An exact copy is needed of the lines in the entries below from the line with "Бумажная кукла с" up to and including the line with "Создание конвейера рендеринга", and of nothing else. Leave the pictures out.

Material shown
..............................
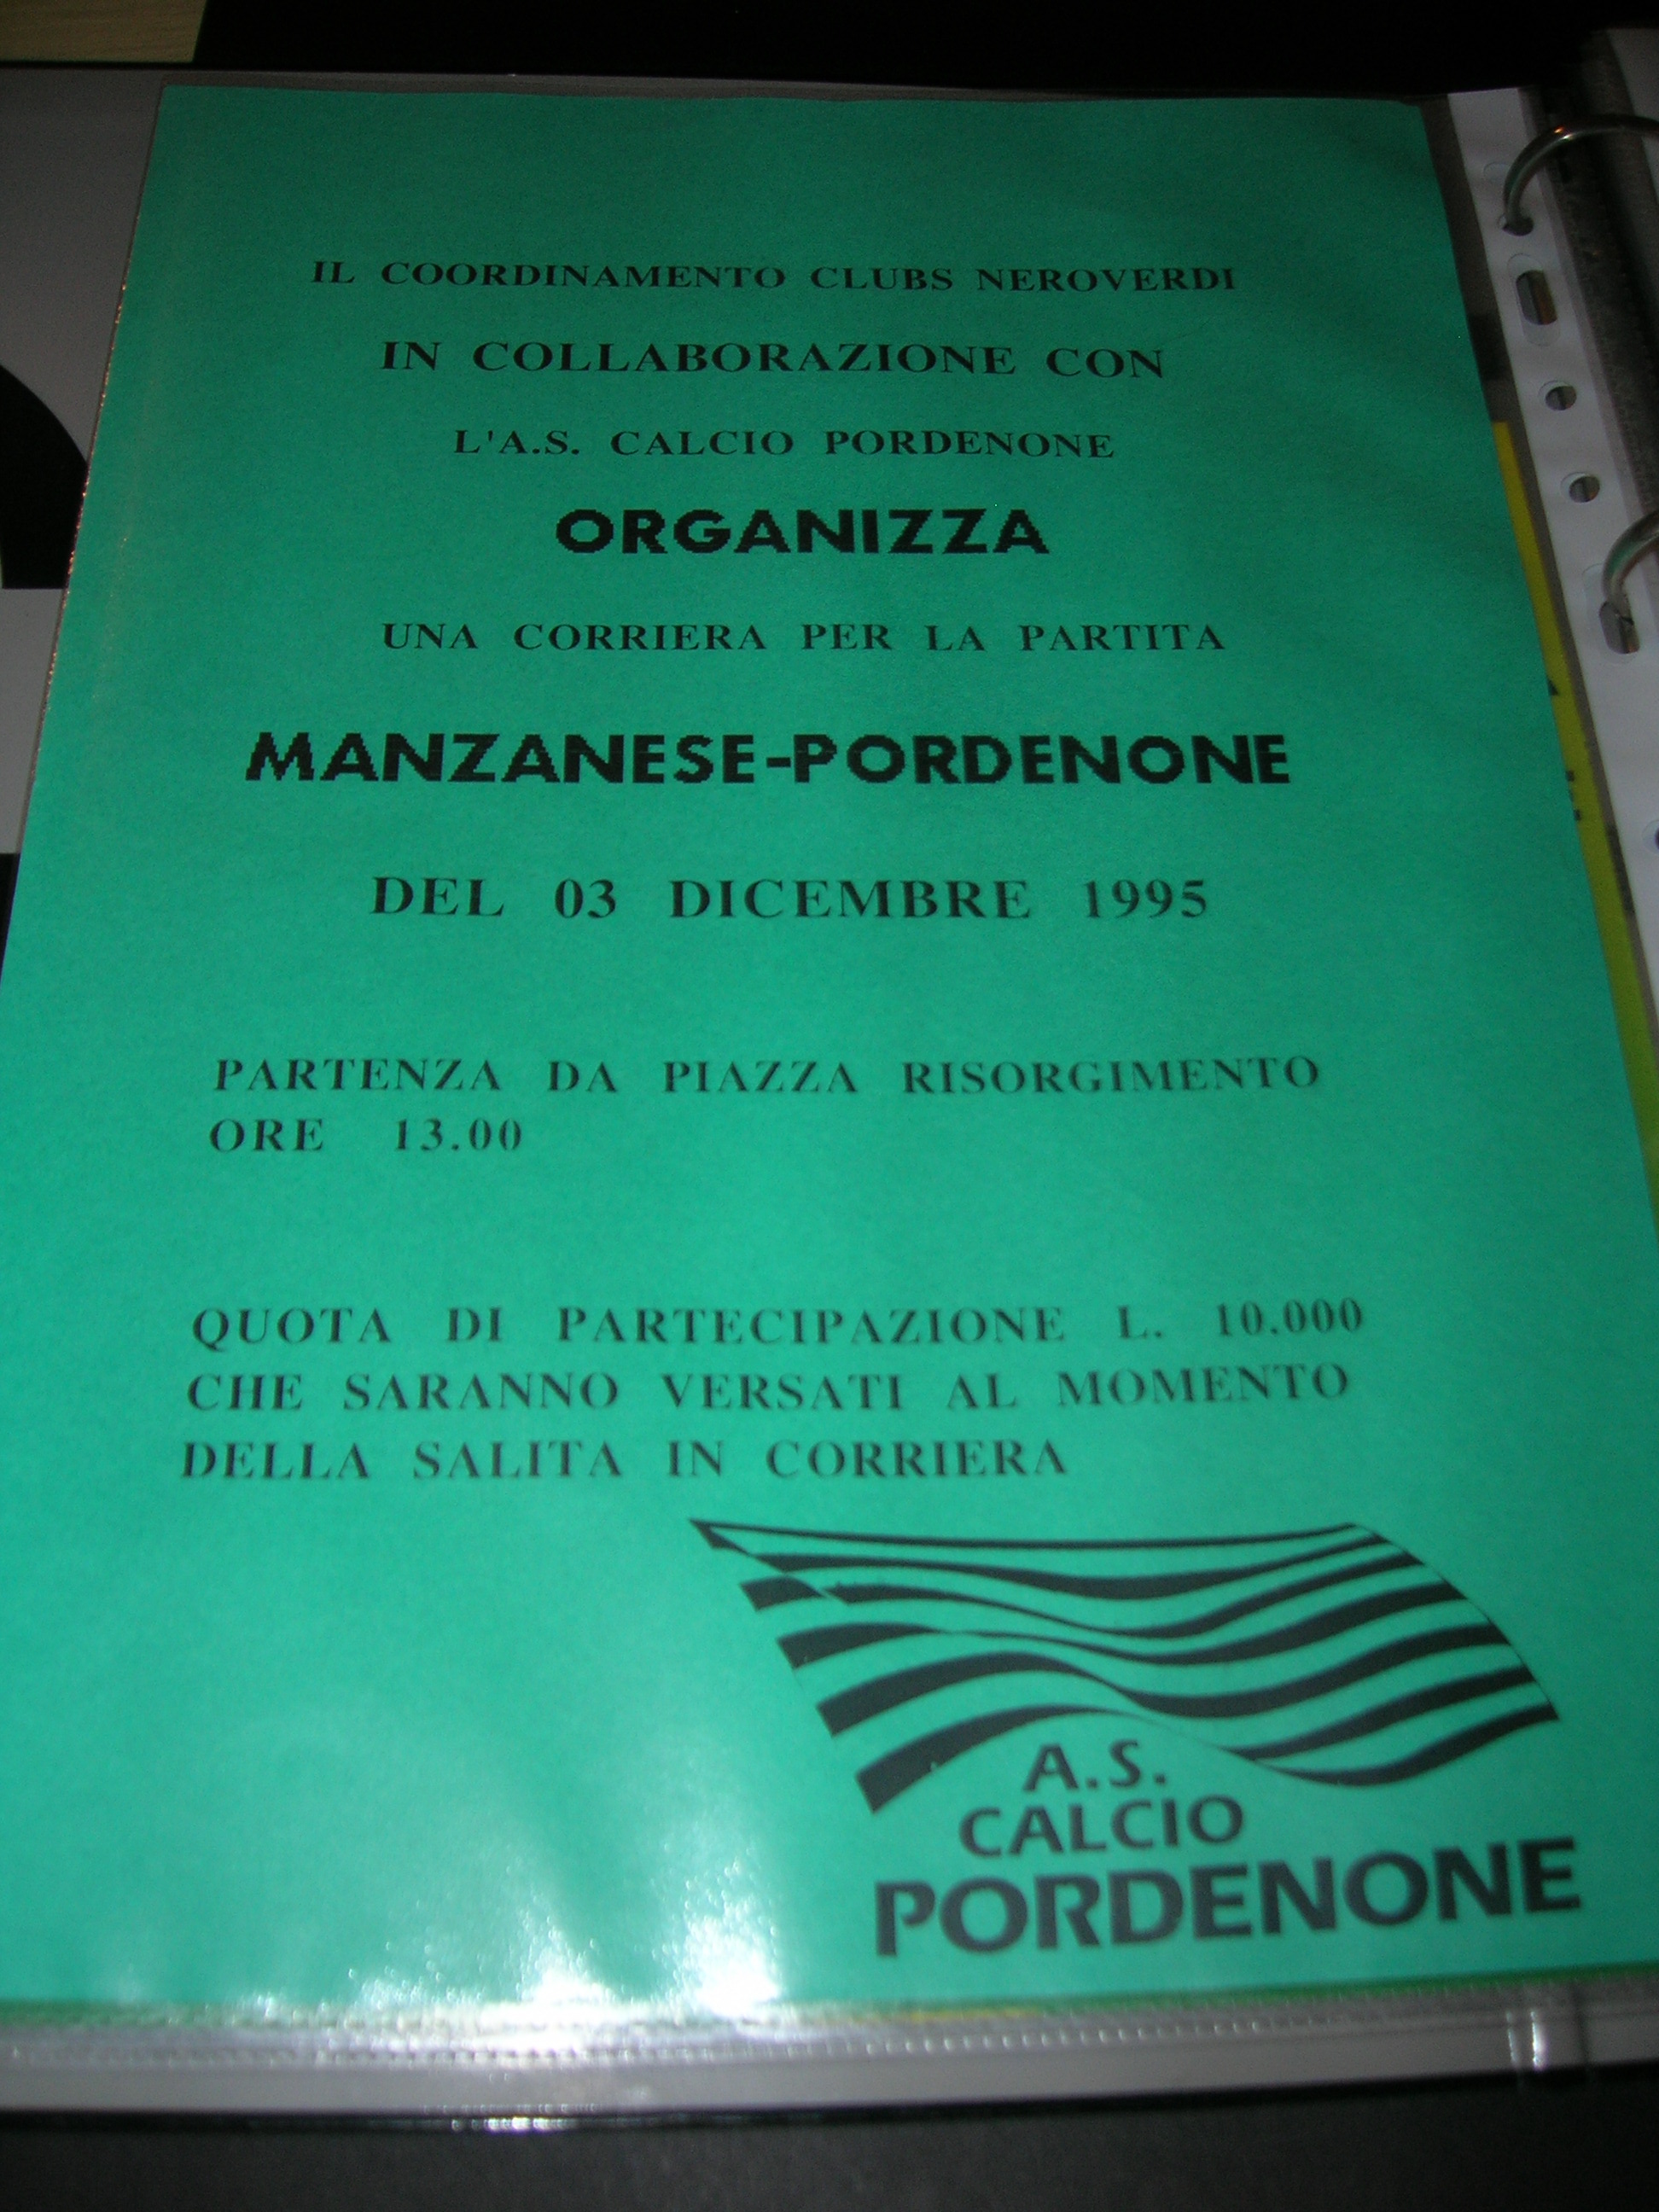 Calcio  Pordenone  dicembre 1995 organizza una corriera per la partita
..............................
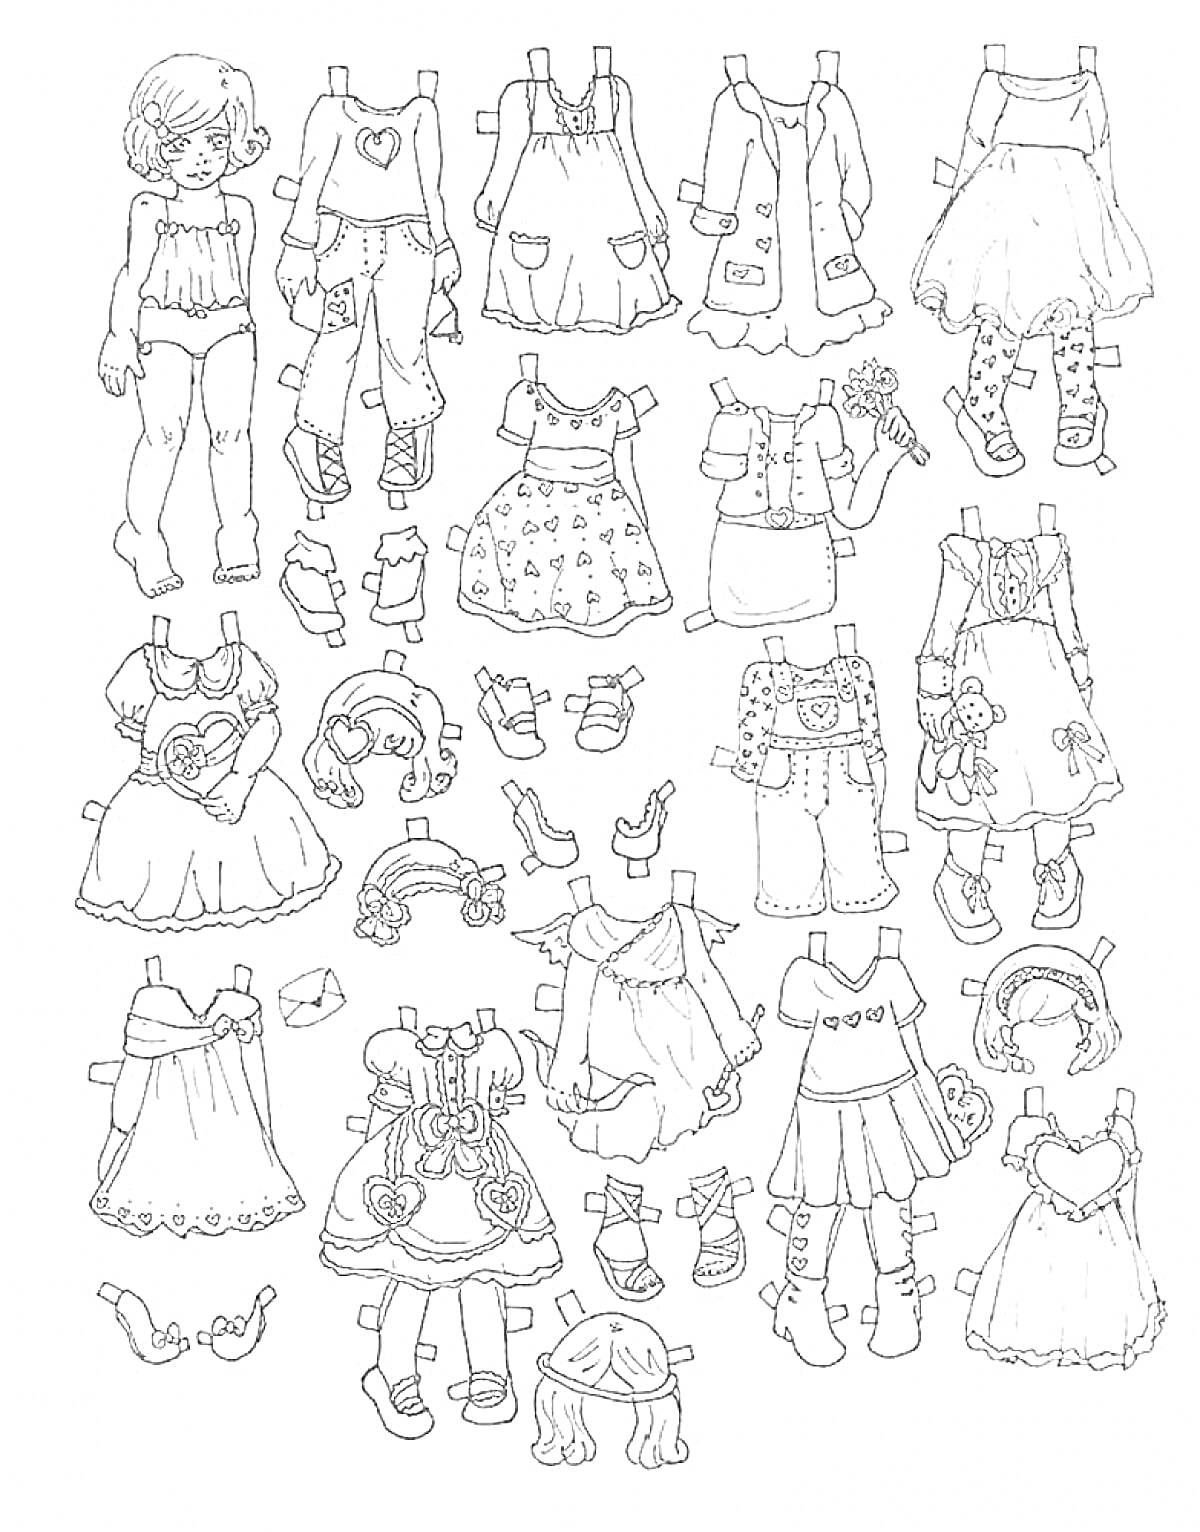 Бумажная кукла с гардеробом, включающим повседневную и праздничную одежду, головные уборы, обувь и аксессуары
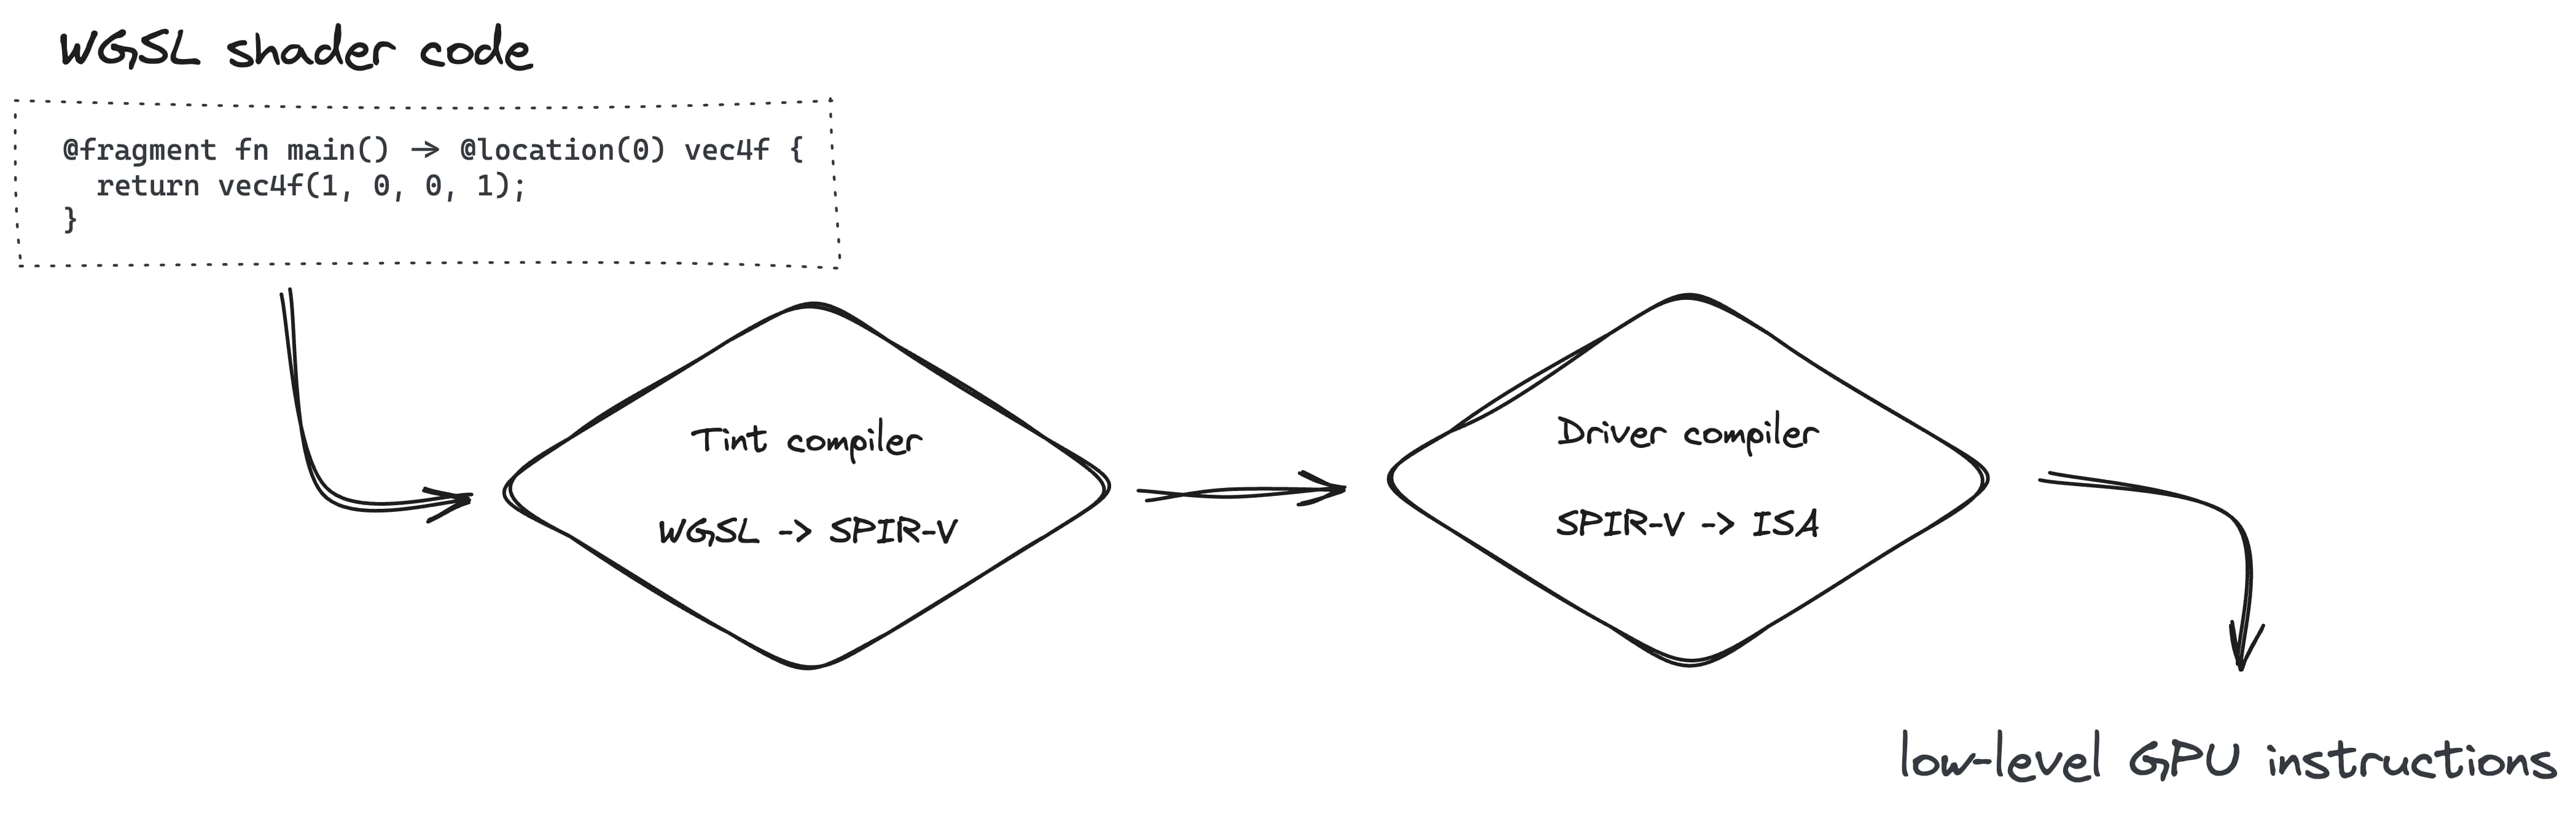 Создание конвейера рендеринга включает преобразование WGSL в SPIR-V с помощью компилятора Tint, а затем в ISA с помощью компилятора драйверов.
..............................
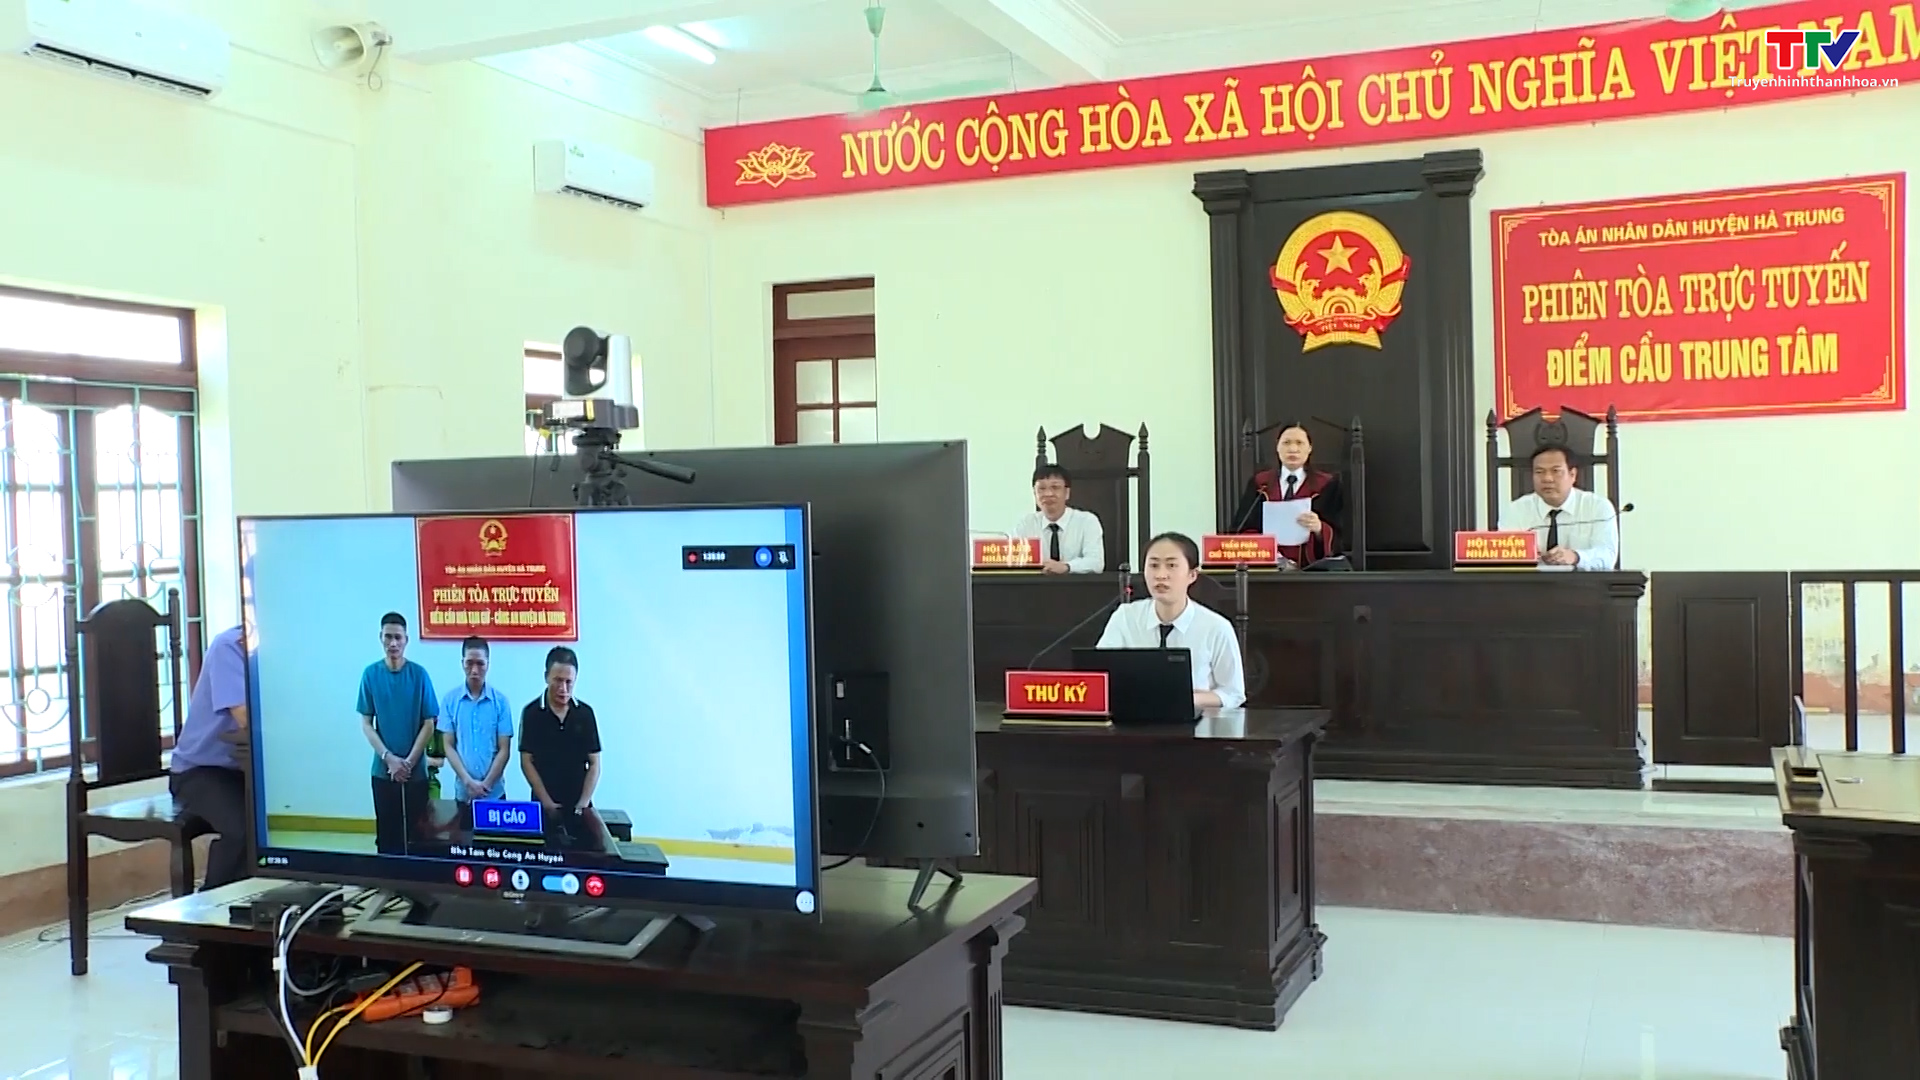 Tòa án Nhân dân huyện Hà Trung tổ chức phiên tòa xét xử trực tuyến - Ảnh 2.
..............................
Solution to the problem
 Бумажная кукла с гардеробом, включающим повседневную и праздничную одежду, головные уборы, обувь и аксессуары
 Создание конвейера рендеринга включает преобразование WGSL в SPIR-V с помощью компилятора Tint, а затем в ISA с помощью компилятора драйверов.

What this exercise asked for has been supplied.